Some of this makes for reassuring reading: McCain pledges never to use a signing statement—the somewhat symbolic but nevertheless crazy-making evidence that the Bush administration was doing its utmost to supersede Congress. McCain also says that if Congress definitively says that a "specific interrogation technique" is off-limits, the president can't approve its use anyway. But McCain also declines to name a single use of executive power by the Bush administration that is unconstitutional or even just "a bad idea." And in May he went on his infamous tear about the federal judiciary, blasting the judges' "common and systematic abuse of our federal courts"—never mind that at this point the majority are Republican appointees. (If anyone was wondering whether McCain would toe the line and appoint archconservative justices in the model of John Roberts and Samuel Alito, as he'd promised, this should have quelled such doubts.)

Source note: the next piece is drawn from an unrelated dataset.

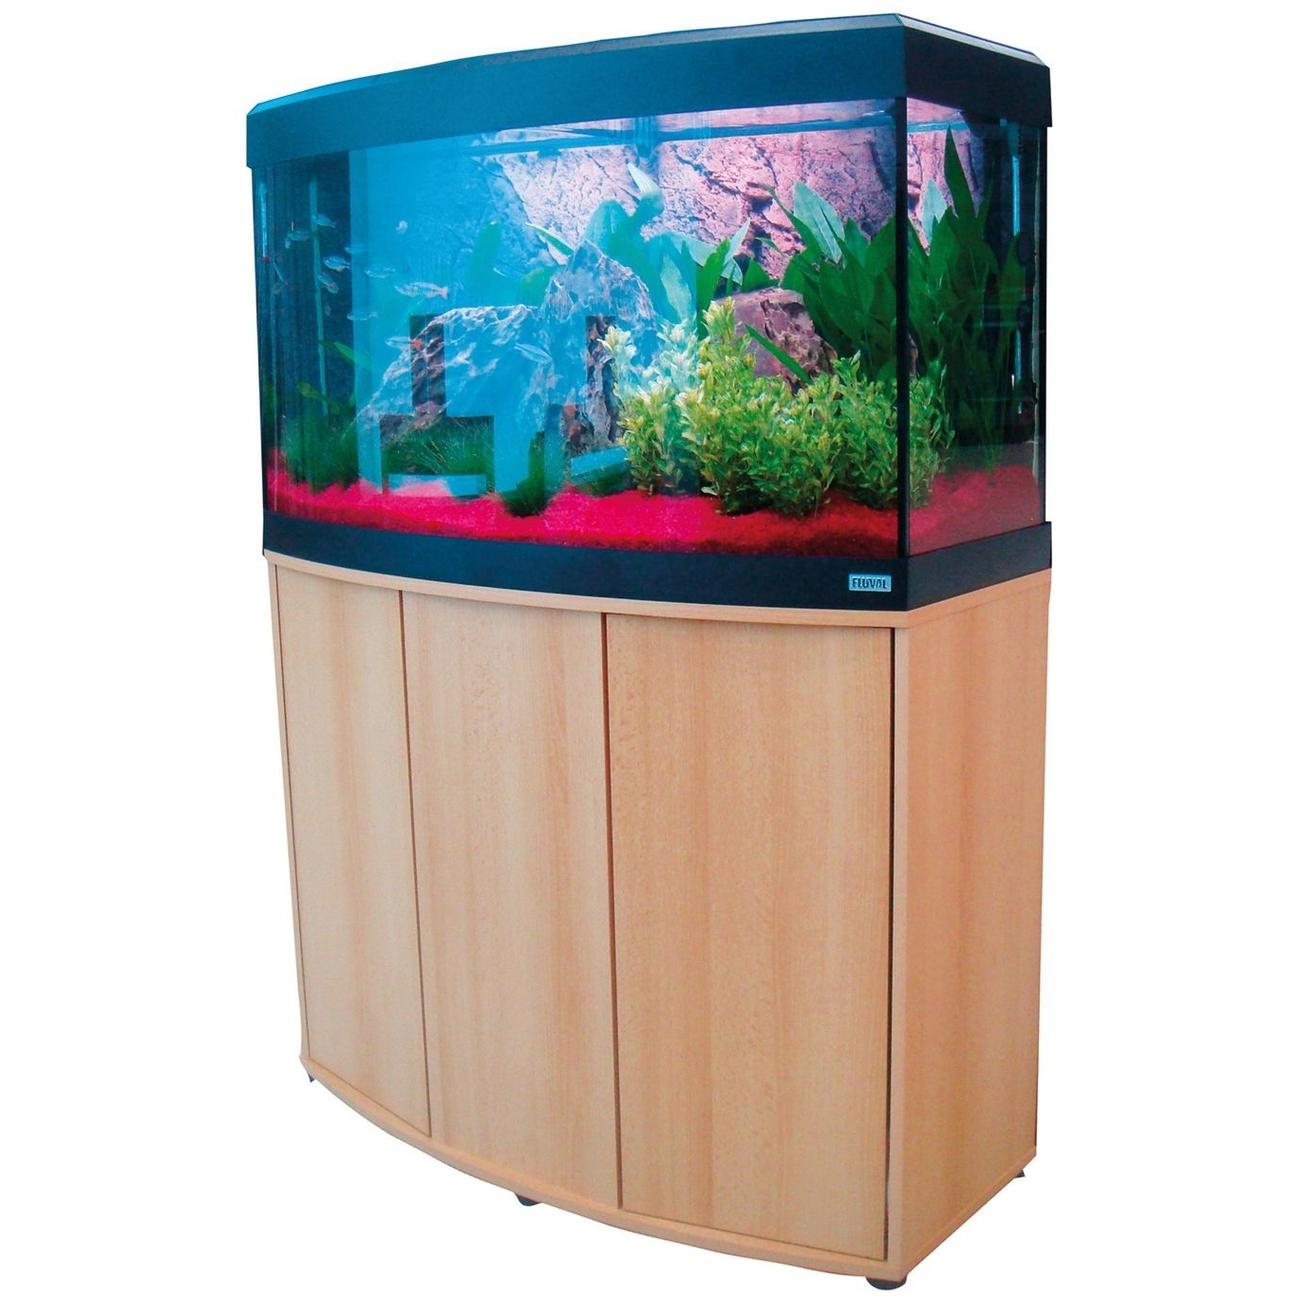 Fluval Süßwasser Aquarium mit Schrank Vicenza, Bild 21

As for Obama, he has been consistently strong in saying the president can't hold detainees he decides are enemy combatants without charges, and on preserving the right to habeas corpus—the means by which the Guantanamo detainees might actually challenge their enemy combatant status in court someday. The Bush administration has cast all of this as a fight for supremacy between the executive and the courts, so Obama's position would be a major easing of tensions. Obama also told Savage that "the President does not have power under the Constitution to unilaterally authorize military attack in a situation that does not involve stopping an actual or imminent threat to the nation." And he said the president can't ignore Congress on troop deployments, while McCain complained about Congress micromanaging wars. Given how imperial the American presidency has become over the last half-century, Congress isn't good at taking power back for itself. So, Obama looks like he has the legislature's back.

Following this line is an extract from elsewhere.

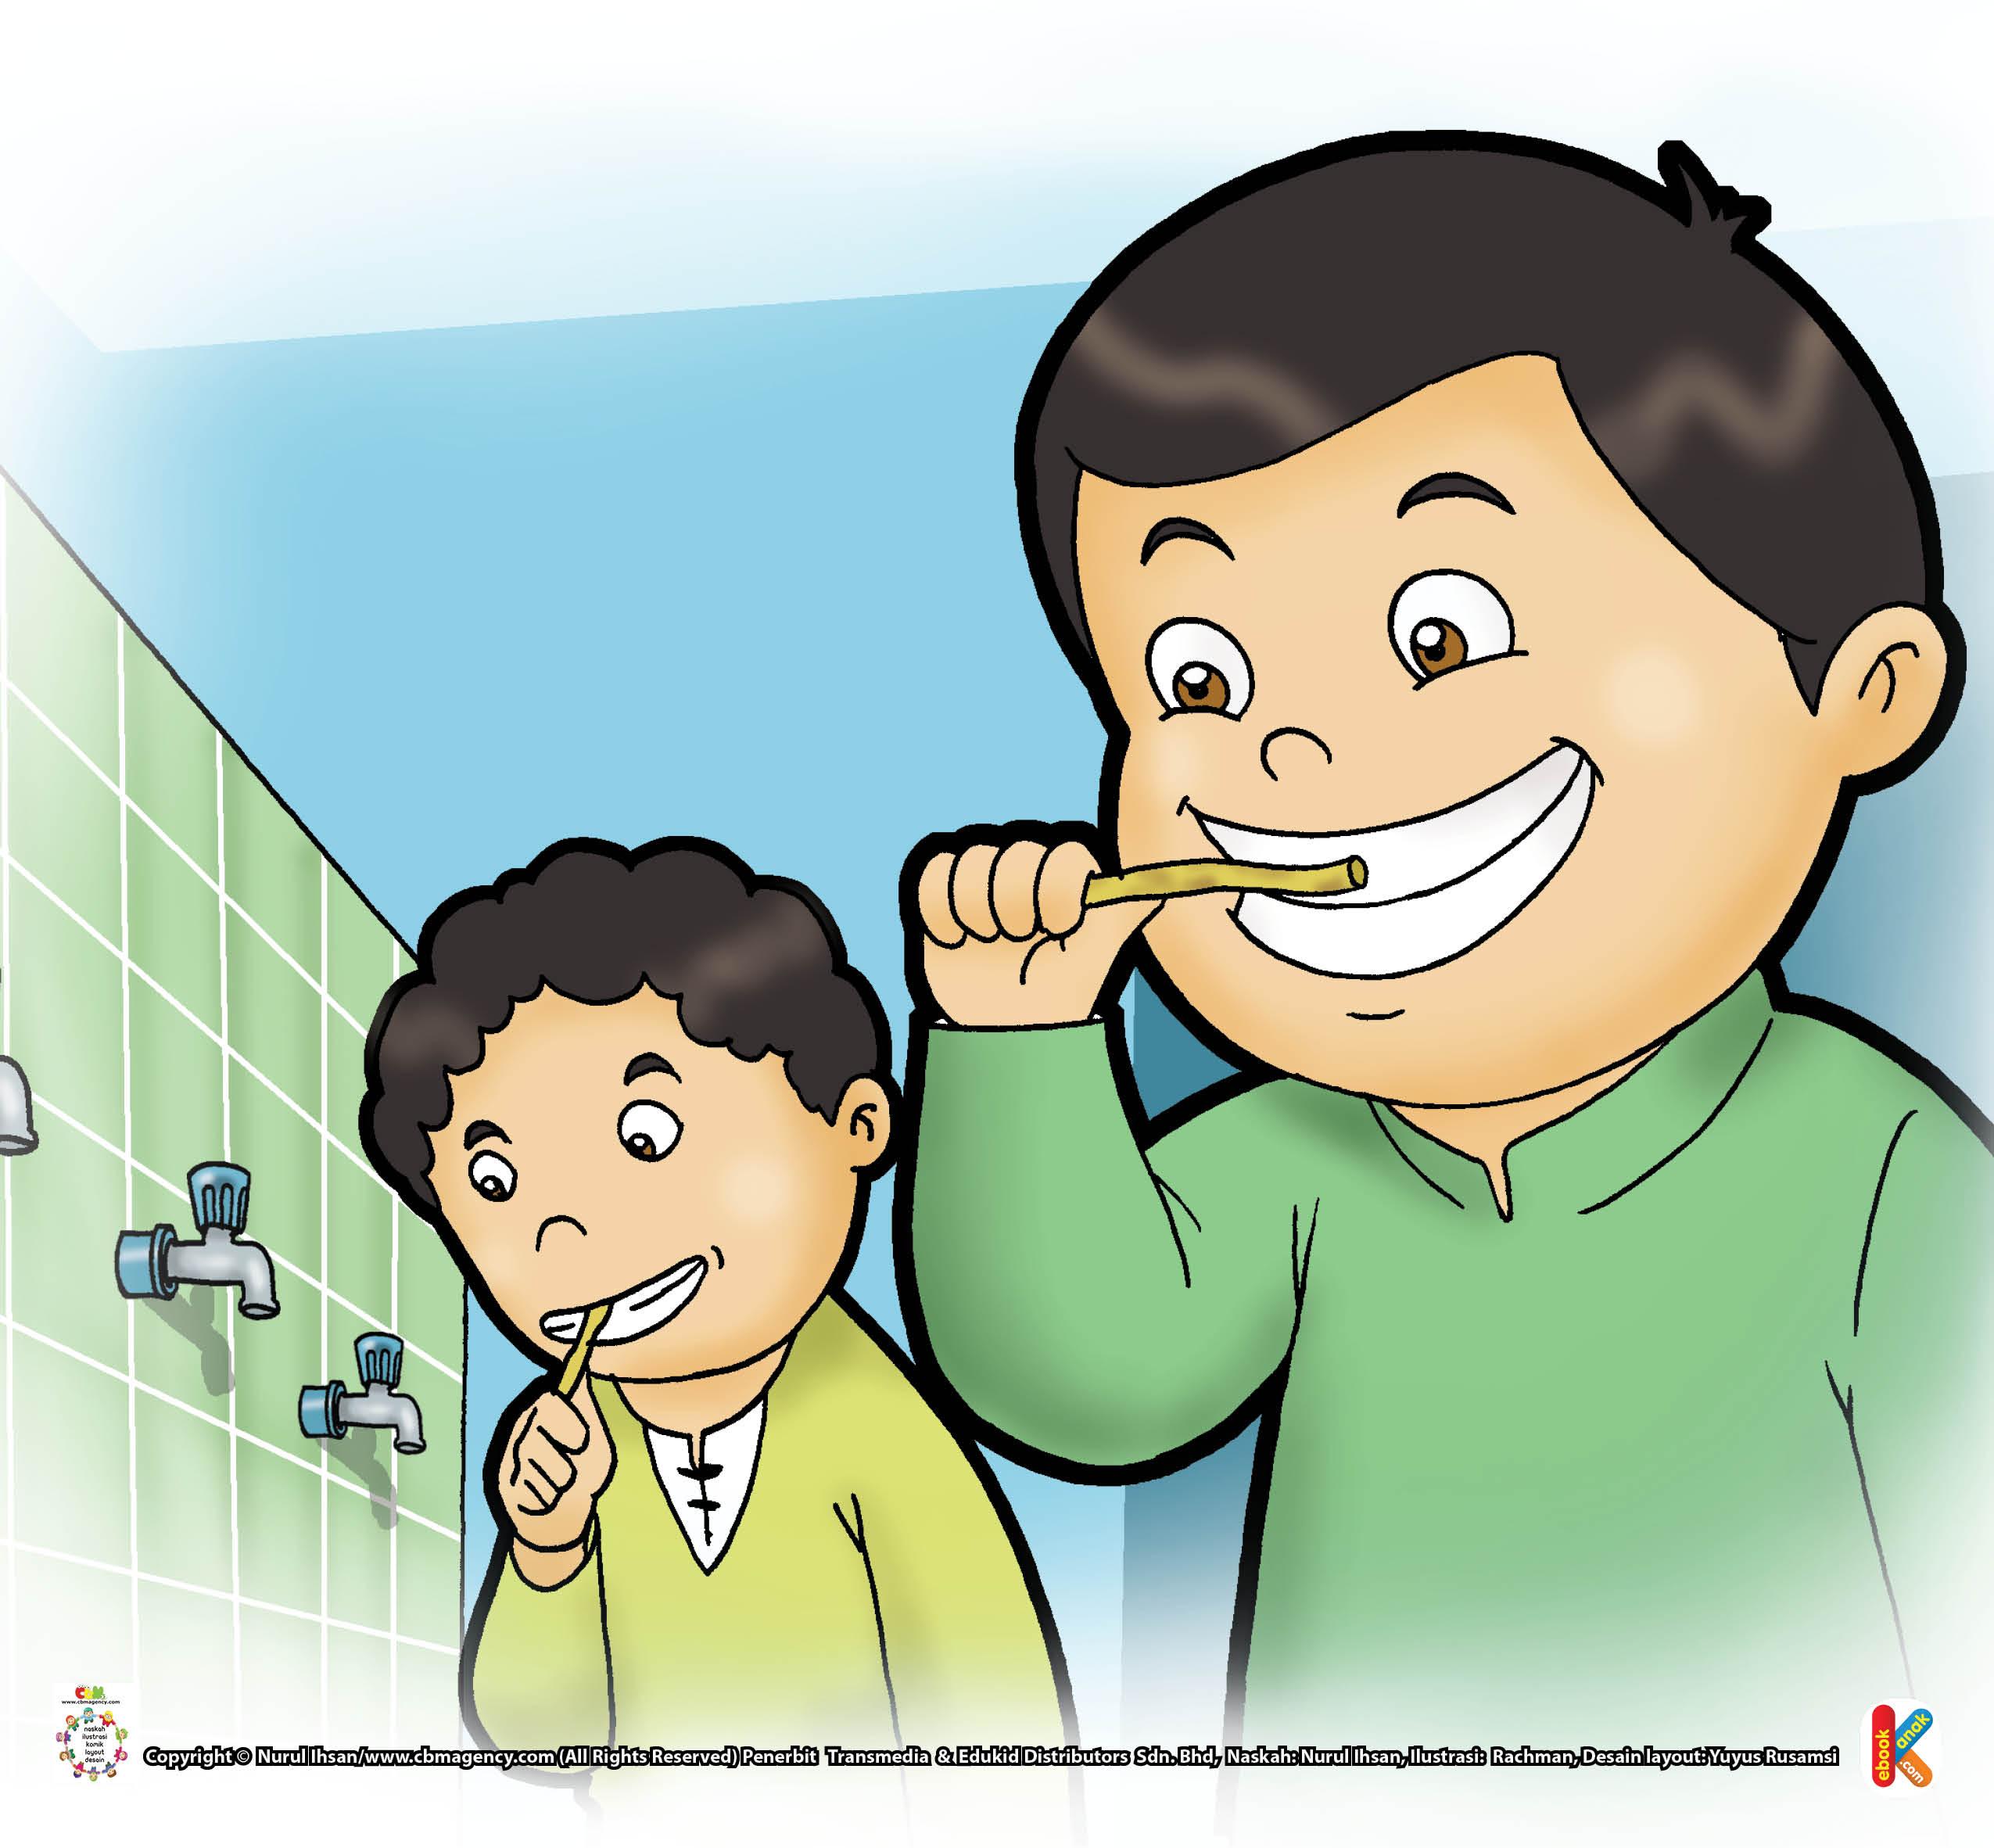 Mulut jadi bersih, nafas pun segar dan harum. Dan yang paling penting, Allah mencintai orang yang rajin menggosok gigi, lho.

But I'm puzzled about Obama's unwillingness to take a stand against the Bush administration's latest bid to exit with one last burst of executive prerogative-taking: the bill to renew the Authorization of Military Force. As Neal Katyal and Justin Florence pointed out in Slate this week, the AUMF of 2001 has been the main underpinning of the worst Bush excesses. And the new law doesn't just restate congressional support for fighting a war against al-Qaida and Co. It also "reaffirms" what would really be a new power: that "the President is authorized to detain enemy combatants in connection with the continuing armed conflict with al Qaeda, the Taliban, and associated forces, regardless of the place of capture, until the termination of hostilities."

Katyal and Florence explained why this expands the scope of the 2001 AUMF, allowing the president to do what no court has ruled he can: capture an alleged enemy combatant on American soil and whisk him away, without charges, until the end of a war that has no clear end. Opposing this should be a no-brainer for Obama, but when I called his advisers, I got only a hands-off, "we don't want to get into it" response. The campaign said it was trying to stay on message. For sure there is better political hay for a Democrat to make this week. And the McCain campaign didn't call me back at all. But it's a reminder that candidates don't win by talking boldly about the presidency as a self-effacing institution. Presidential modesty can be a hard virtue to sell.